Like give me an example.
I think revisiting the relationship in its entirety, right?
It's like you've broken up.
You maybe one of you has a valid reason that you broke up or maybe both of you have a valid
reason but you can't let go of each other. So you go back to that same drawing board where it's like,
you have sleepovers, you have hookups, you regularly text, you do all of these things
that you were doing while you were in a relationship with the person that you broke up with. Like,
are you that girl or are you, no, once I say I'm done, I'm done. Because
I have one friend that's like, once that breakup happens, there is no revisiting that situation.

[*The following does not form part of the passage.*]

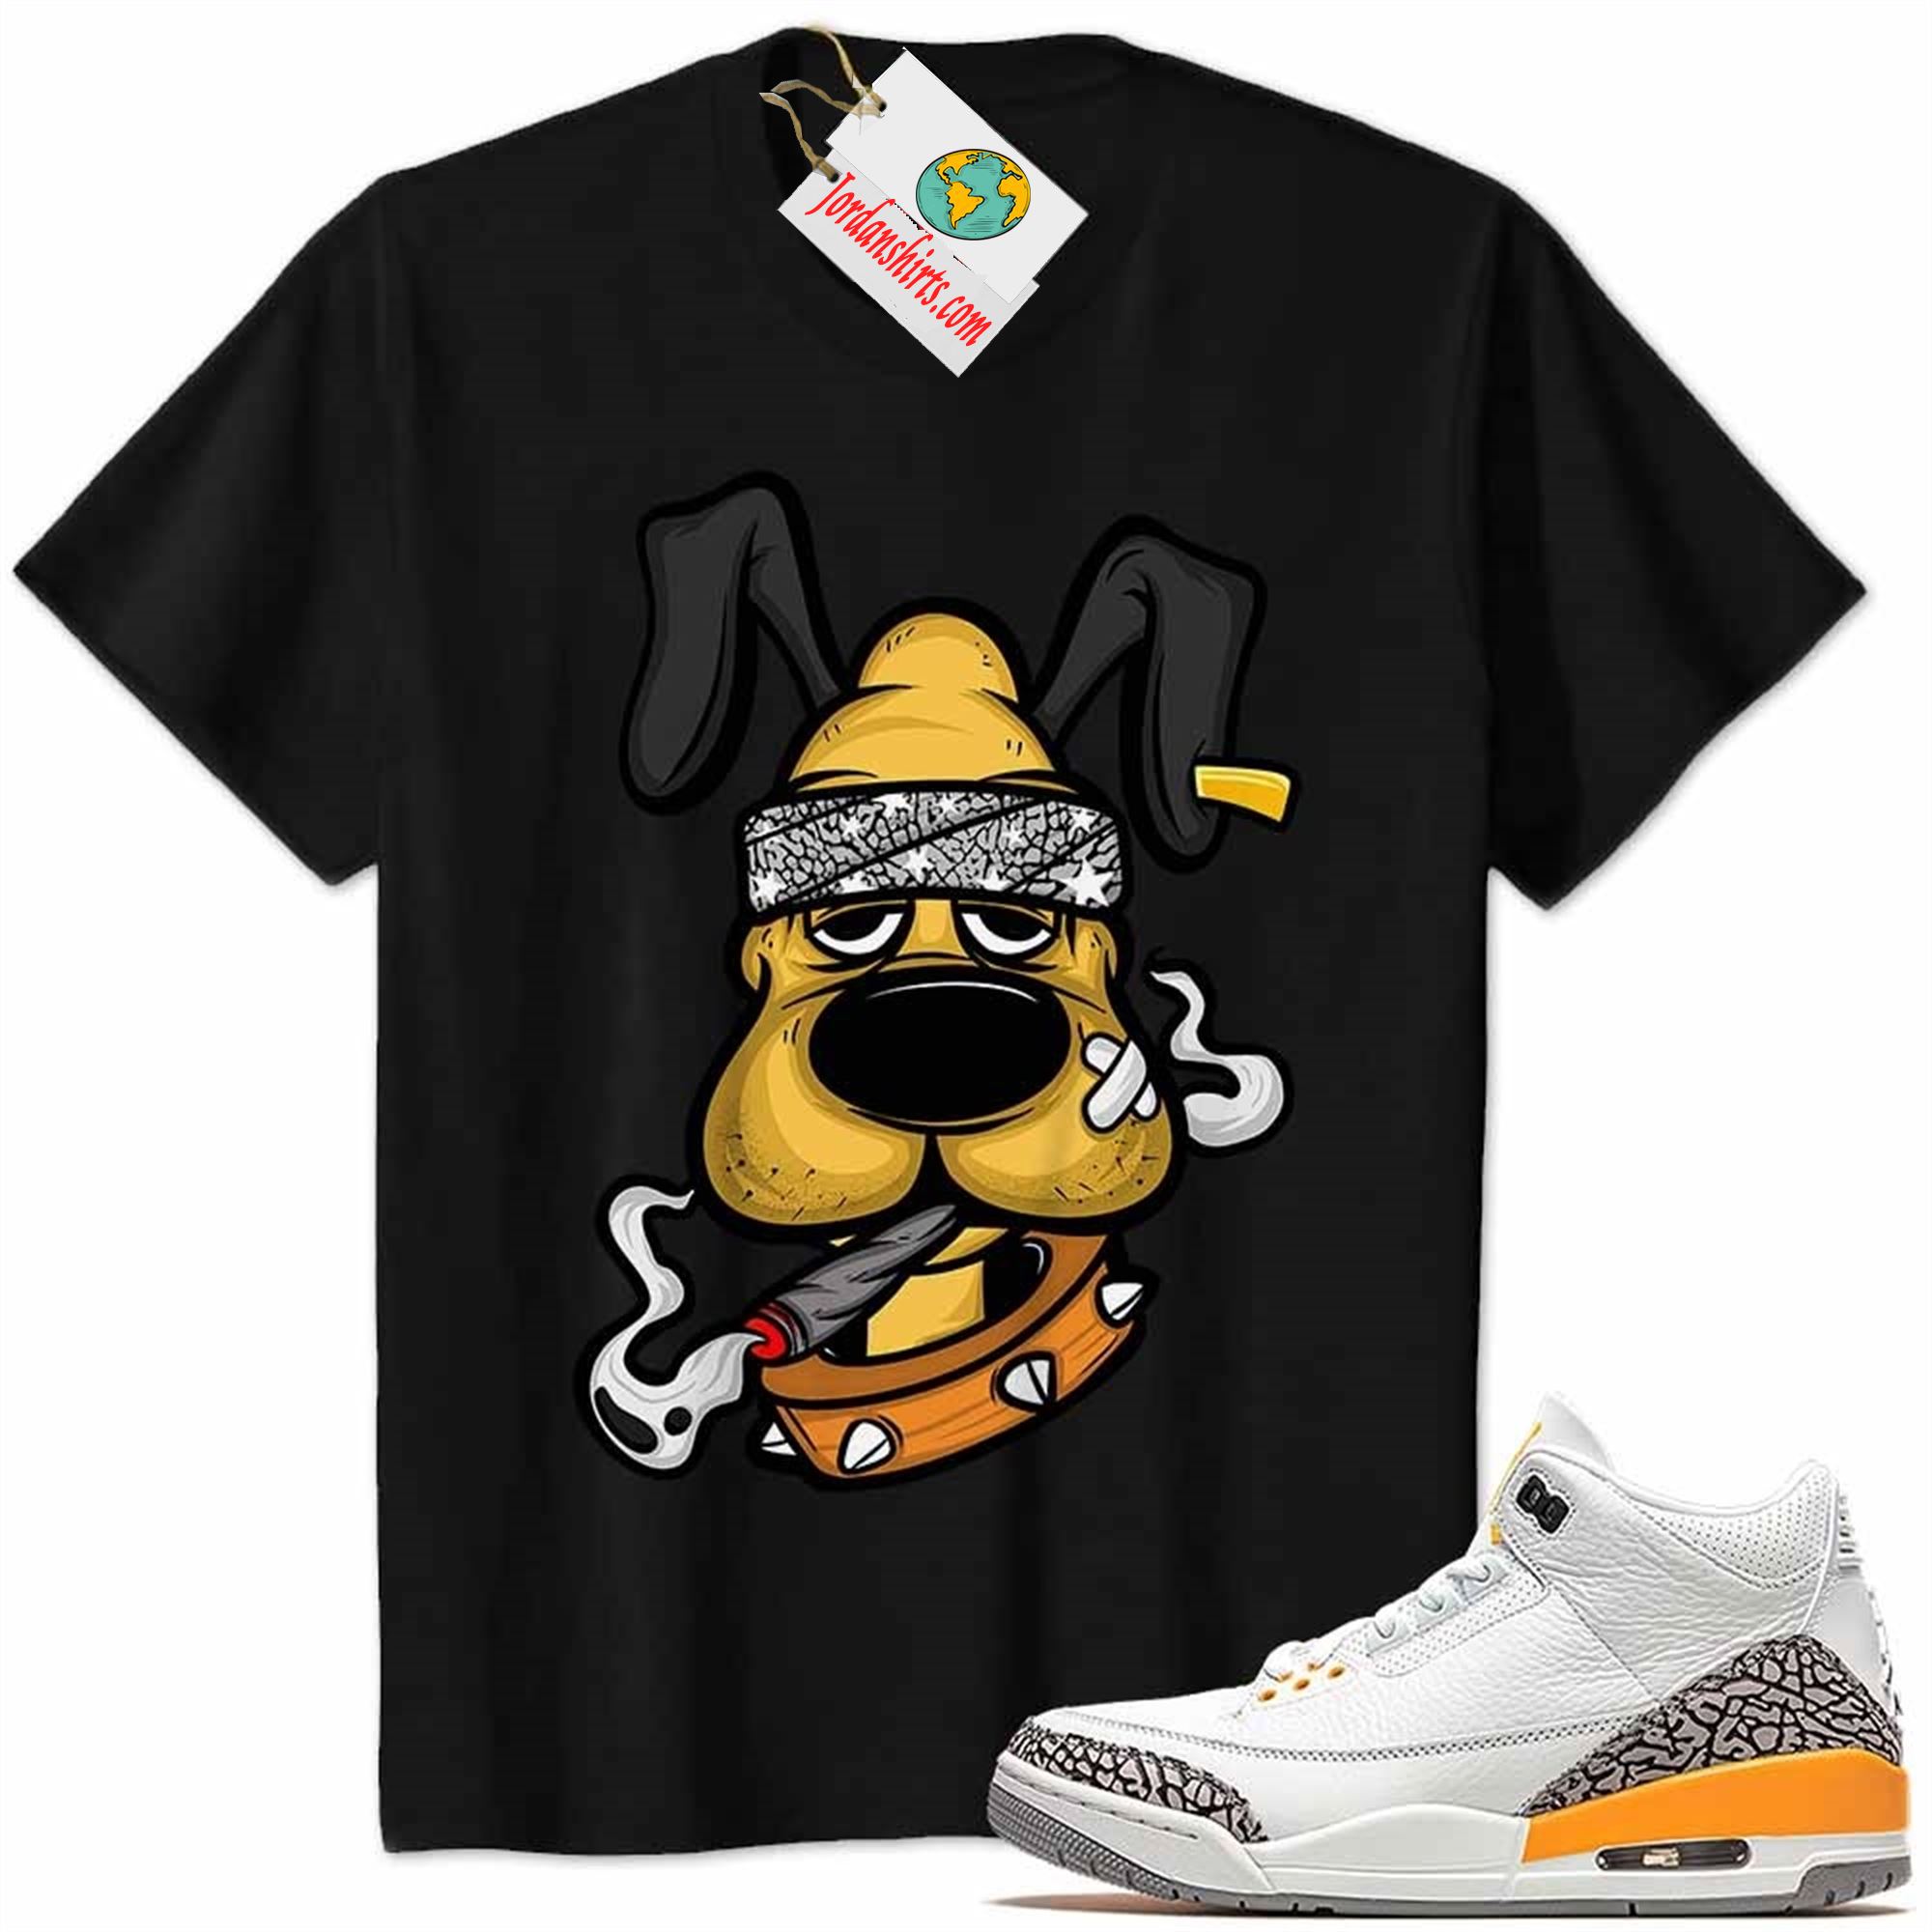 Jordan 3 Shirt, Gangster Pluto Smoke Weed Black Air Jordan 3 Laser Orange 3s Plus Size Up To 5xl

Like it's gone and gone. Like that's it.
Okay, so I would say so what's weird is, and I unfortunately have to use these two people
as an example, because they are the only two people that this was a scenario in was like, hobby and Chris, those two are officially
done now. Right? But truly think that for Chris, him having a child with someone else
was the end for me. And I never looked back. I have never looked back. When I knew I was
done, I was done. And same for Javi.
We went back and forth as long as we did because we had been back and forth all of that time.
Does that make sense?
But when me and Jordan were done, we were done.
When me and Joe were done, we were done.
So I don't know how to answer that question because it's like, I do think that sometimes
when you guys officially break up, there is a period of time where you're still... But
I could never go back to Javi and Chris now. Today, as it stands, we are so far beyond that, that I would never
go back. They're my exes and that is what it is. I've never gone back to an ex years
later. Javi and I were back and forth for all of those years. Does that make sense?
Yes. See-
It's not like we took a multiple year break and then we tried to get back together.
See, I'm in agreement with you. I kind of feel in one situation that I was in, I was
like, once it gets too far gone, it's fully gone.
Yeah. But during that entire time, it wasn't really
done. Right.
You know what I mean? Yeah. we were at some periods acting like we were still
together still doing things that we were still together. But like we weren't. But like once
that is gone, I don't know how to describe it.
Do you regret that? Do you feel like looking back on it now, you would have rather a cold
turkey situation and never gone back to the drawing board or you're okay with the lessons
that you learned along the way? Because mine's about the time investment, right?
It's like, okay, I'm 35 years old.
If you keep going back to the drawing board and nothing is going to change and nothing
is figured out, are you doing it to buy time?
Or are you doing it in hopes that something is going to change. I think for me with Javi, it was both.
Hopes that things would change
and also to possibly buy time.
With Chris, I was just hoping things would change
and I was hoping things would get better.
They never did.
Looking back, do I regret it?
Yes.
I just don't want to ever be the person that wakes up one day. And
it's like, I should have never done that circus over and over
and over again.
No, and that's how I feel. Like when I and I don't think about
it often. I you know, I talk about my ex relationships on
here just for like, points of reference. Because that's what
this is, right? Like, so I don't want anyone to be upset by this conversation. I don't have feelings for J points of reference, because that's what this is, right?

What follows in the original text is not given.